Двадцать первого, в последнюю предвоенную субботу, у Яковлевой, по обыкновению, собралось несколько литераторов; Марина Ивановна читала там вызволенную у Кваниной "Повесть о Сонечке"; разошлись под утро. Провожая Цветаеву домой, молодой поэт и переводчик Элиз-бар Ананиашвили, восхитившись дивной летней ночью, внезапно подумал и сказал о том, что вдруг грянет война, и как они тогда будут вспоминать тот вечер. Все это он рассказал четверть века спустя Яковлевой, что она и записала; он и теперь помнит и ту ночь, и свои слова…[142]
* * *
Сначала Цветаева попыталась работать. Запись от 27 июня:
"Попробуем последнего Гарсиа Лорка".
Но в тетради больше ничего нет.
…По-видимому, общалась с Эренбургом. 29 июня он записал: "Марина о квартире и стихах". Неизвестно, был ли то разговор по телефону или встреча. "О квартире" — скорее всего потому, что Марине Ивановне невыносимо было соседство и она хотела бы переехать. "О стихах" — о ее переводах(?).
* * *
(Шестого июля Сергею Яковлевичу, вместе с его пятью "подельниками", — в списке он стоит первым, — был вынесен приговор: "…подвергнуть высшей мере наказания — расстрелу, с конфискацией всего лично им принадлежащего имущества. Приговор окончательный и обжалованию не подлежит". Приговор приведут в исполнение 16 октября 1941 г. в Москве.)
* * *
Седьмого июля, отмечая военные сводки, Эренбург вновь записал: "Цветаева". Может быть, в связи с тем, что накануне в эвакуацию в Татарию по Каме отбыл первый эшелон Союза писателей и Марине Ивановне пришла мысль об эвакуации? Хотя в то же время она была озабочена поисками новой комнаты (нелады с соседями) и чуть ли не собиралась переехать в одну из двухкомнатных квартир Пастернака — сам он жил в Переделкине. Редактор 3. Кульманова вспоминает такие слова Цветаевой: "Борис Пастернак мог бы пригласить нас к себе на время на дачу".

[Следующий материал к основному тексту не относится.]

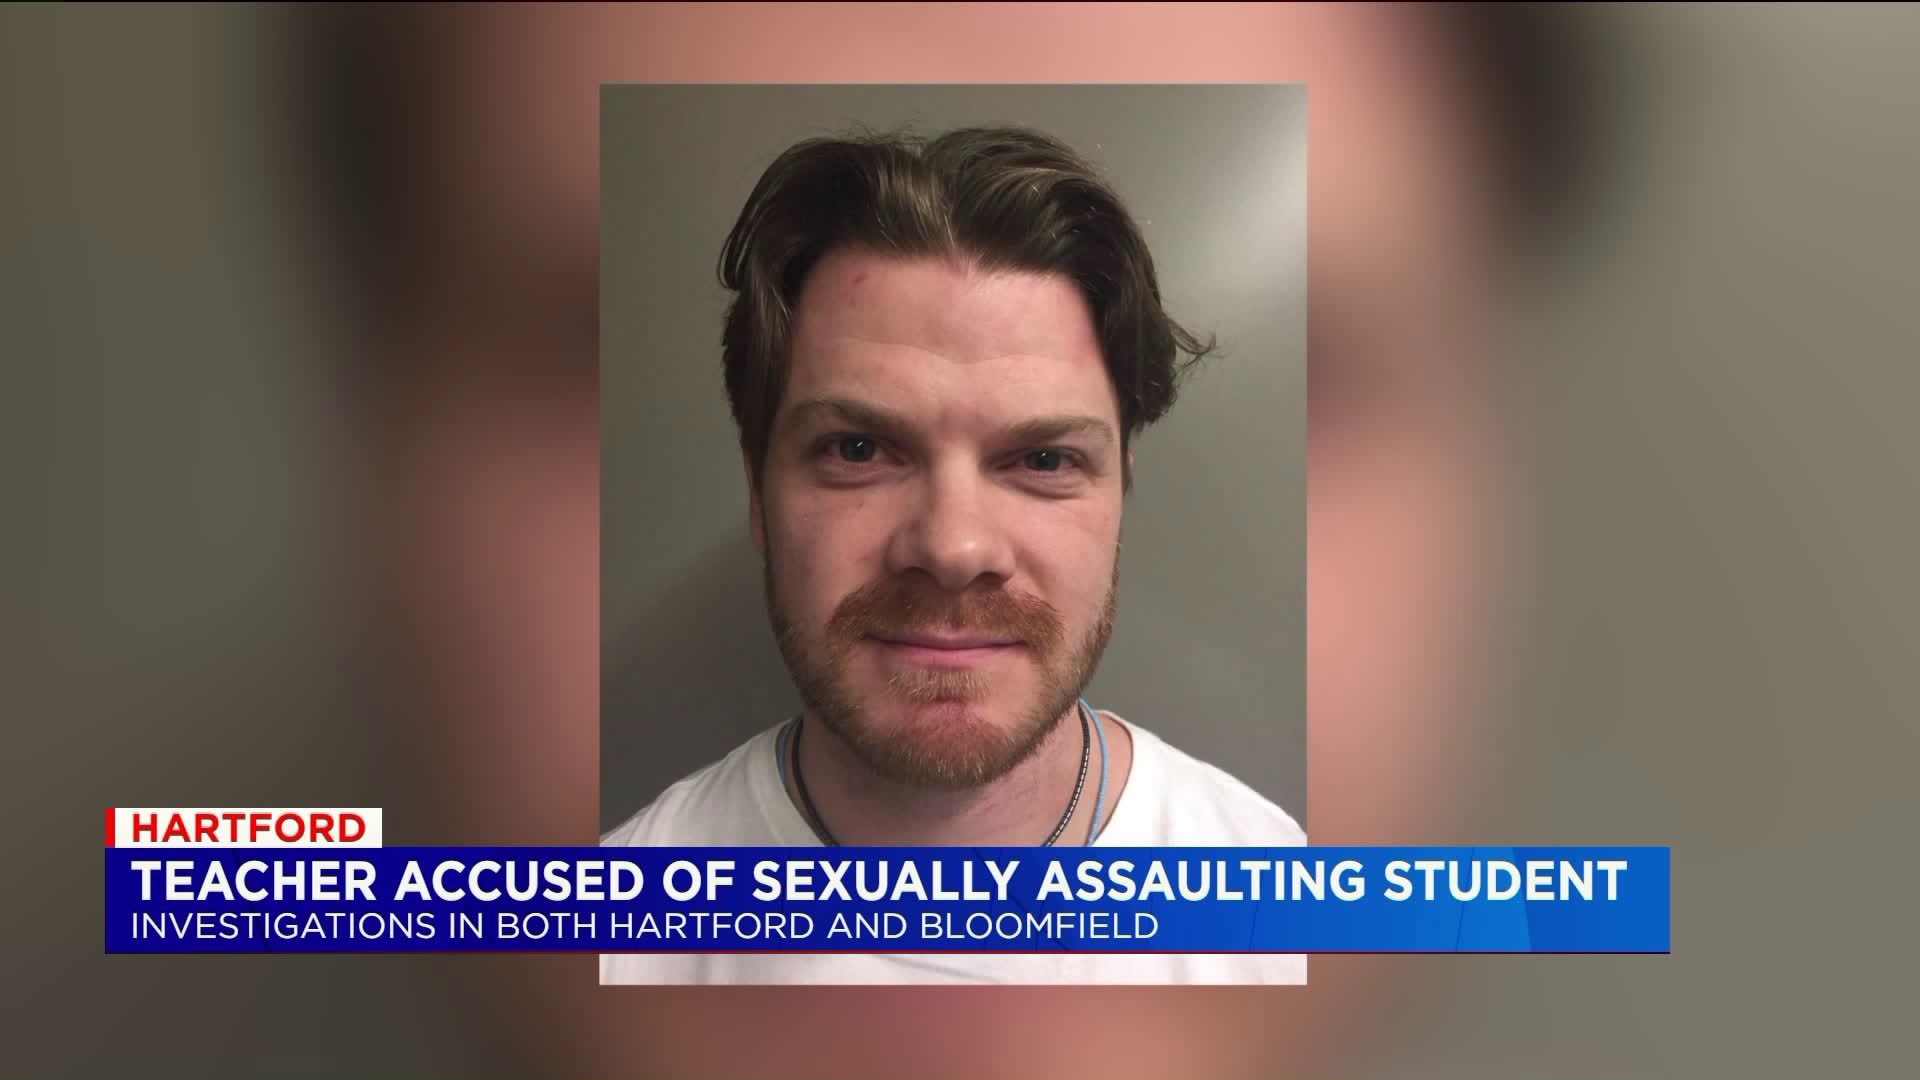 Hartford teacher accused of sexually assaulting student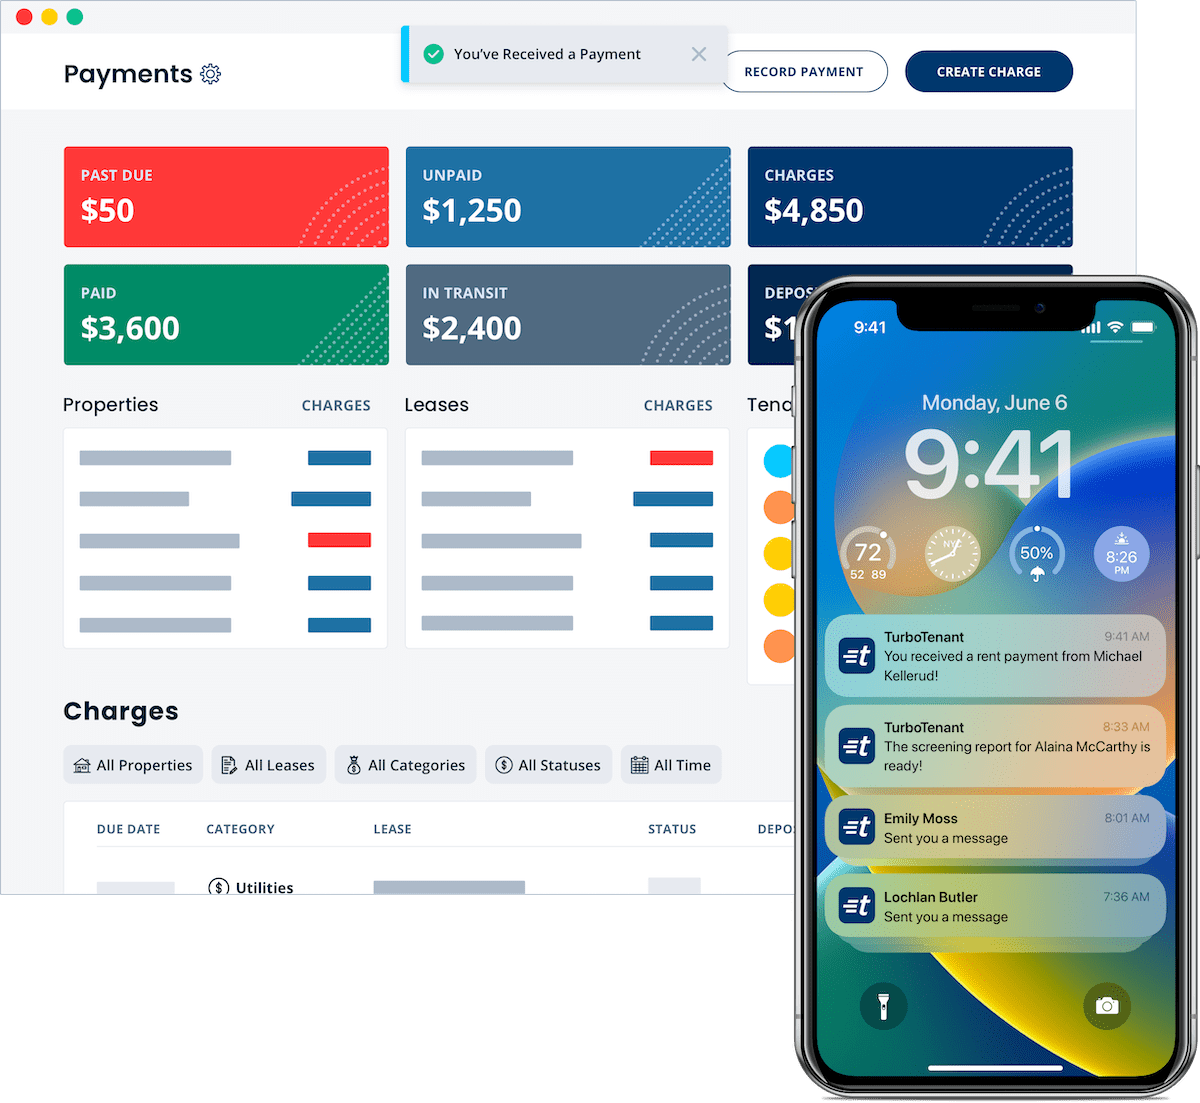 Rent Payments UI Images - mobile and desktop

По-видимому, Марина Ивановна затем раздумала ехать в квартиру Пастернака, и внезапно приняла другое решение: уехать прочь, хотя бы ненадолго, не видеть Москвы в преддверии паники, с ее заклеенными полосами бумаги окнами, мешками с песком, наконец — от ужасного зрелища уходивших на войну отрядов.
"Господи! — и для чего стольким простреливать грудь?" — вырвалось у нее ровно двадцать пять лет назад в Александрове ("Белое солнце и низкие, низкие тучи…") А пятнадцать лет назад, когда родился сын:
"Мальчиков нужно баловать, — им, может быть, на войну придется".
Она металась, она была в панике; второстепенное смешивалось с насущным, но все поглощала явная, стремительно приближавшаяся опасность, из которой не было выхода. Впереди маячил лишь тупик.